- _Task statement_: Give the listing back in full, exactly as written, with the pictures removed.

- _Data section_:
────────────────────────────────────────
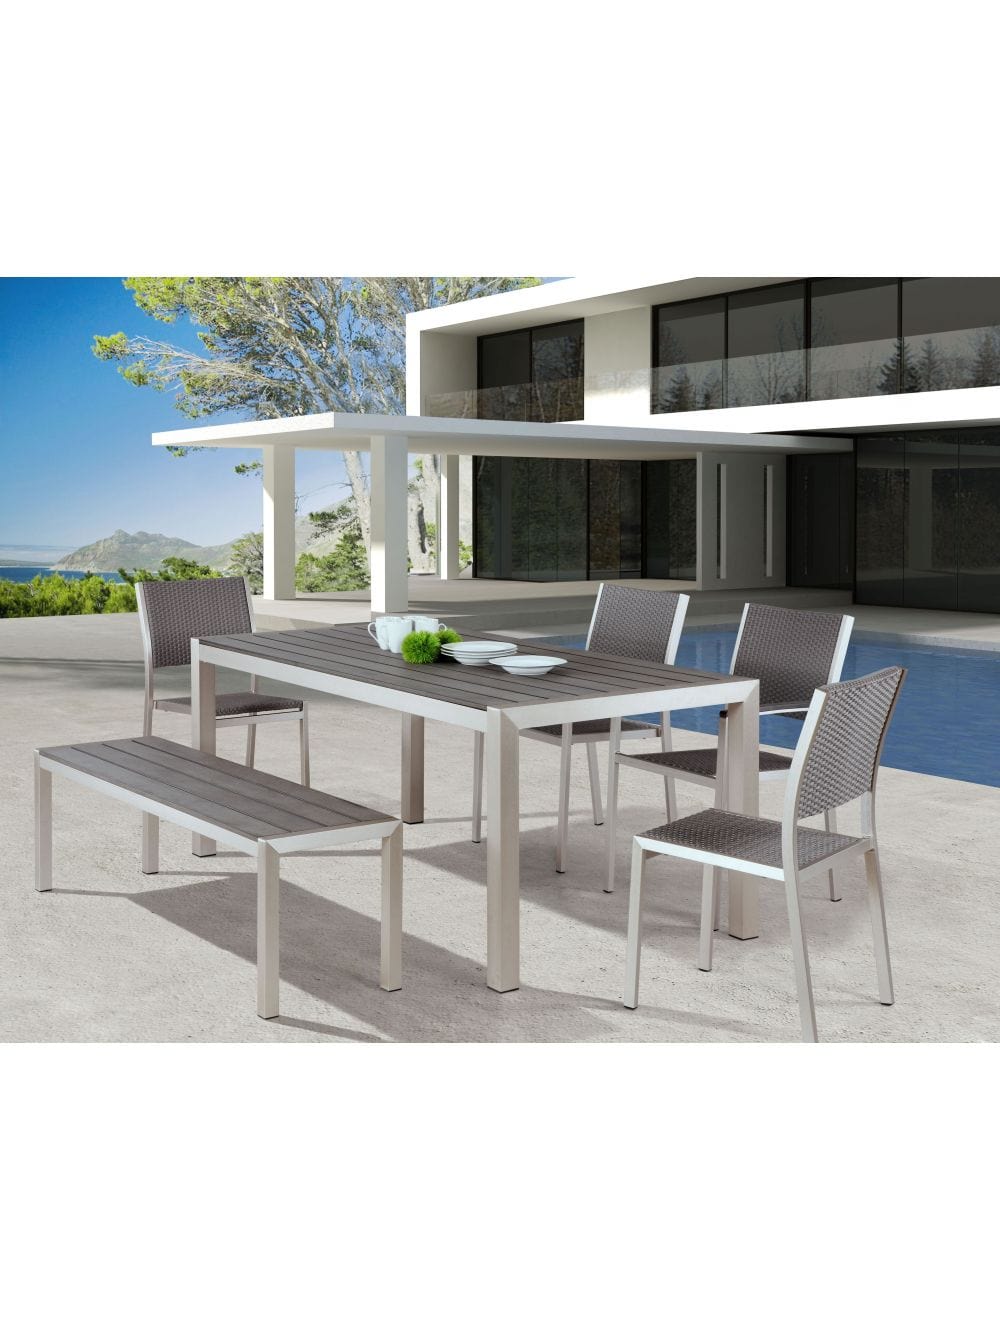 ZOU Outdoor Dining Seating ZOU - Metropolitan Double Bench Gray & Silver | 701862
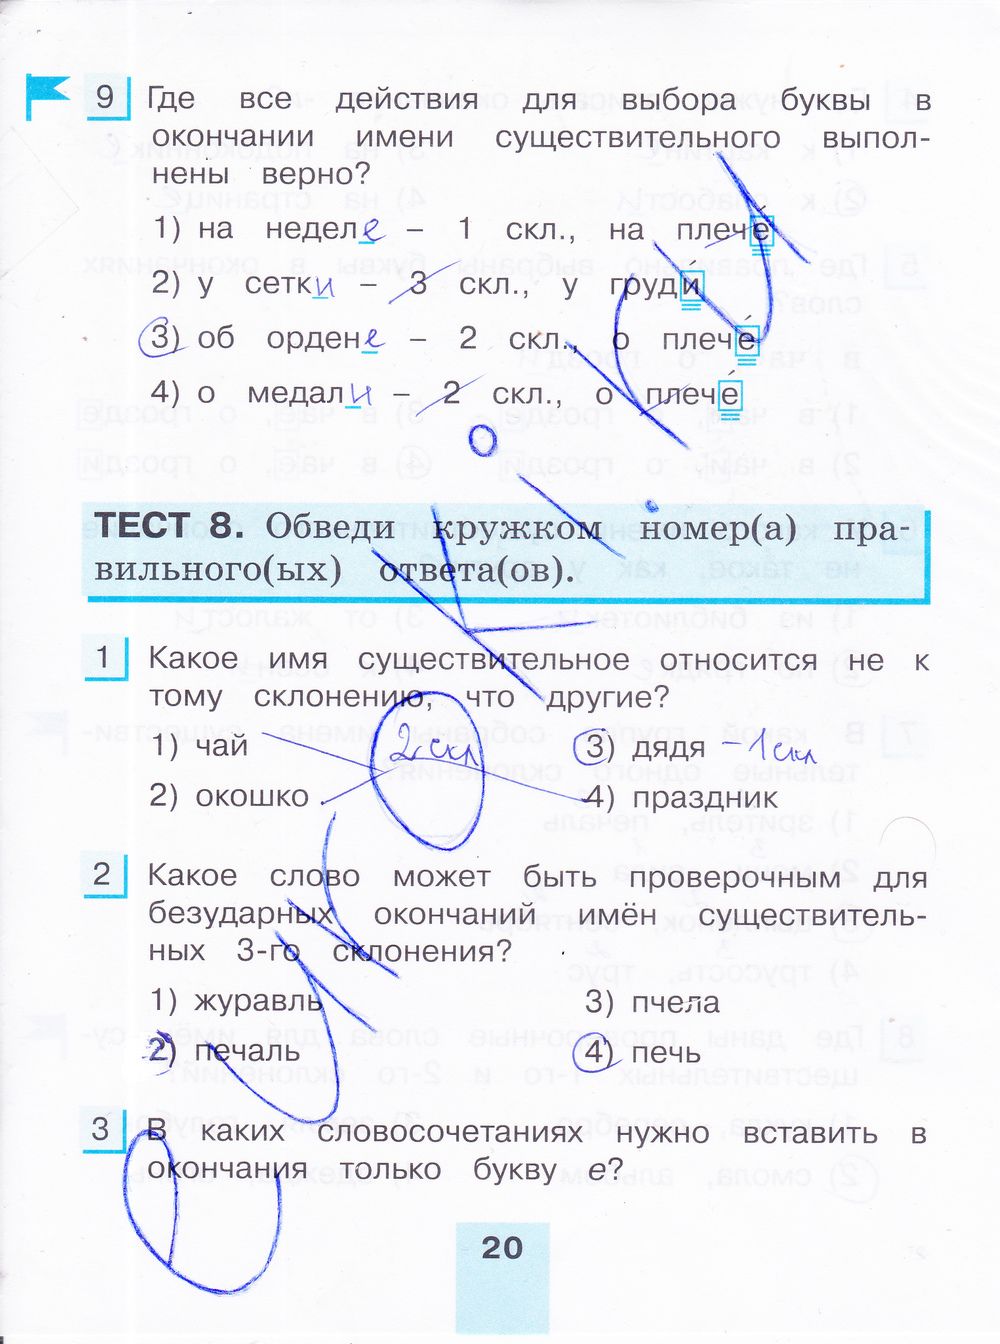 ГДЗ Русский язык 4 класс - стр. 20
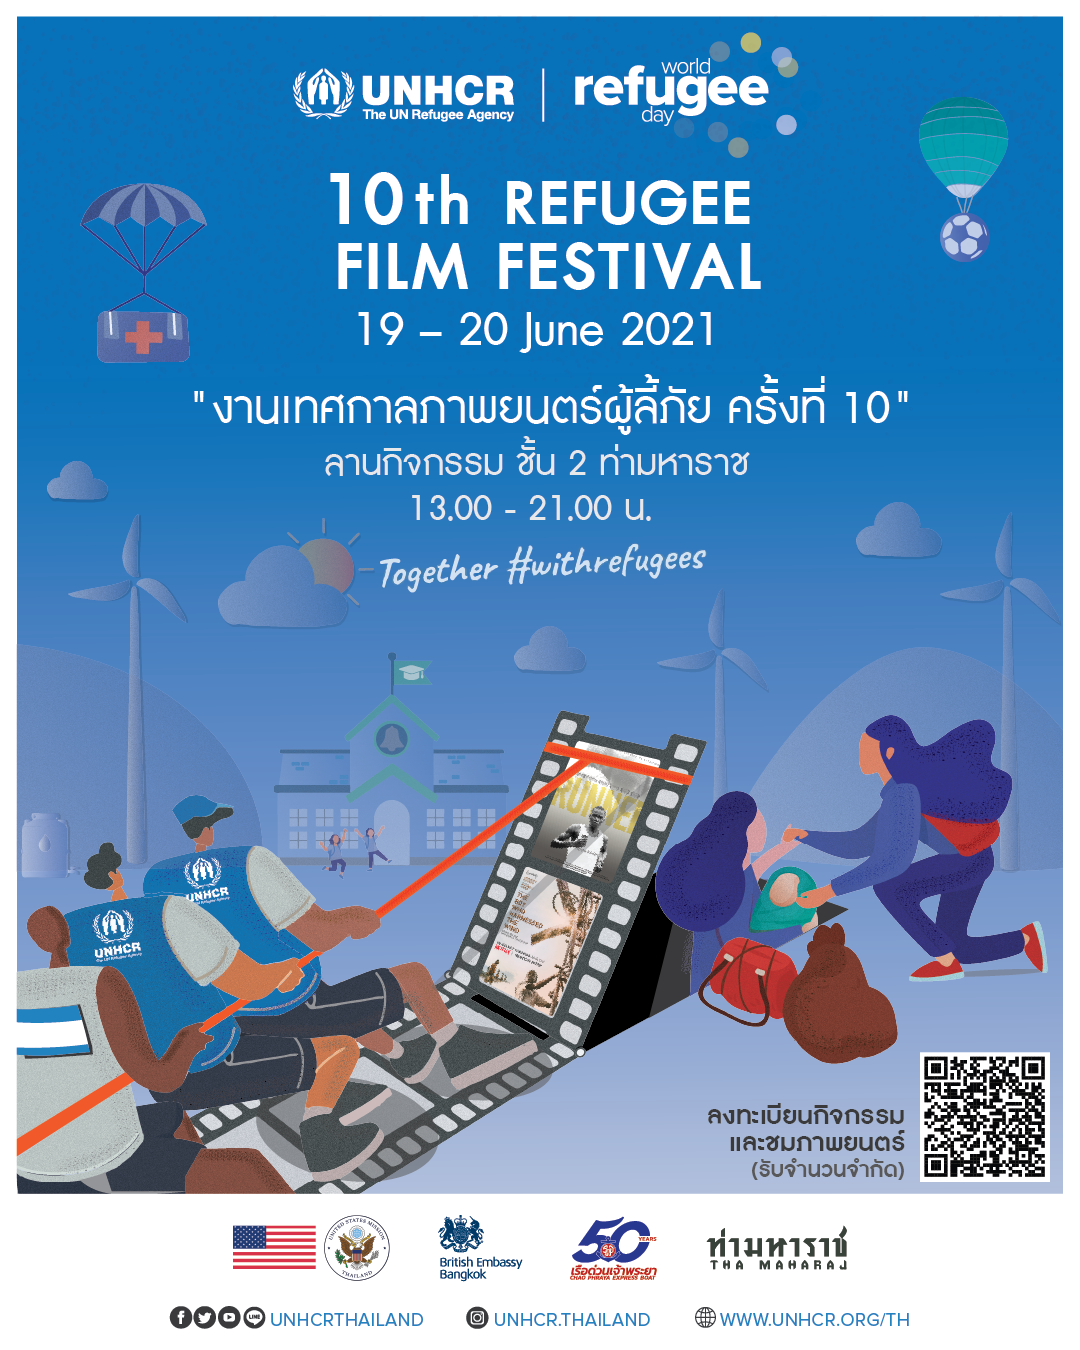 ร่วมชมภาพยนตร์ในบรรยากาศริมแม่น้ำเจ้าพระยาครั้งแรกกับ UNHCR เนื่องในวันผู้ลี้ภัยโลกในงาน "เทศกาลภาพยนตร์ผู้ลี้ภัย ครั้งที่ 10"
────────────────────────────────────────
- _Problem solution_:
 ZOU Outdoor Dining Seating ZOU - Metropolitan Double Bench Gray & Silver | 701862
 ГДЗ Русский язык 4 класс - стр. 20
 ร่วมชมภาพยนตร์ในบรรยากาศริมแม่น้ำเจ้าพระยาครั้งแรกกับ UNHCR เนื่องในวันผู้ลี้ภัยโลกในงาน "เทศกาลภาพยนตร์ผู้ลี้ภัย ครั้งที่ 10"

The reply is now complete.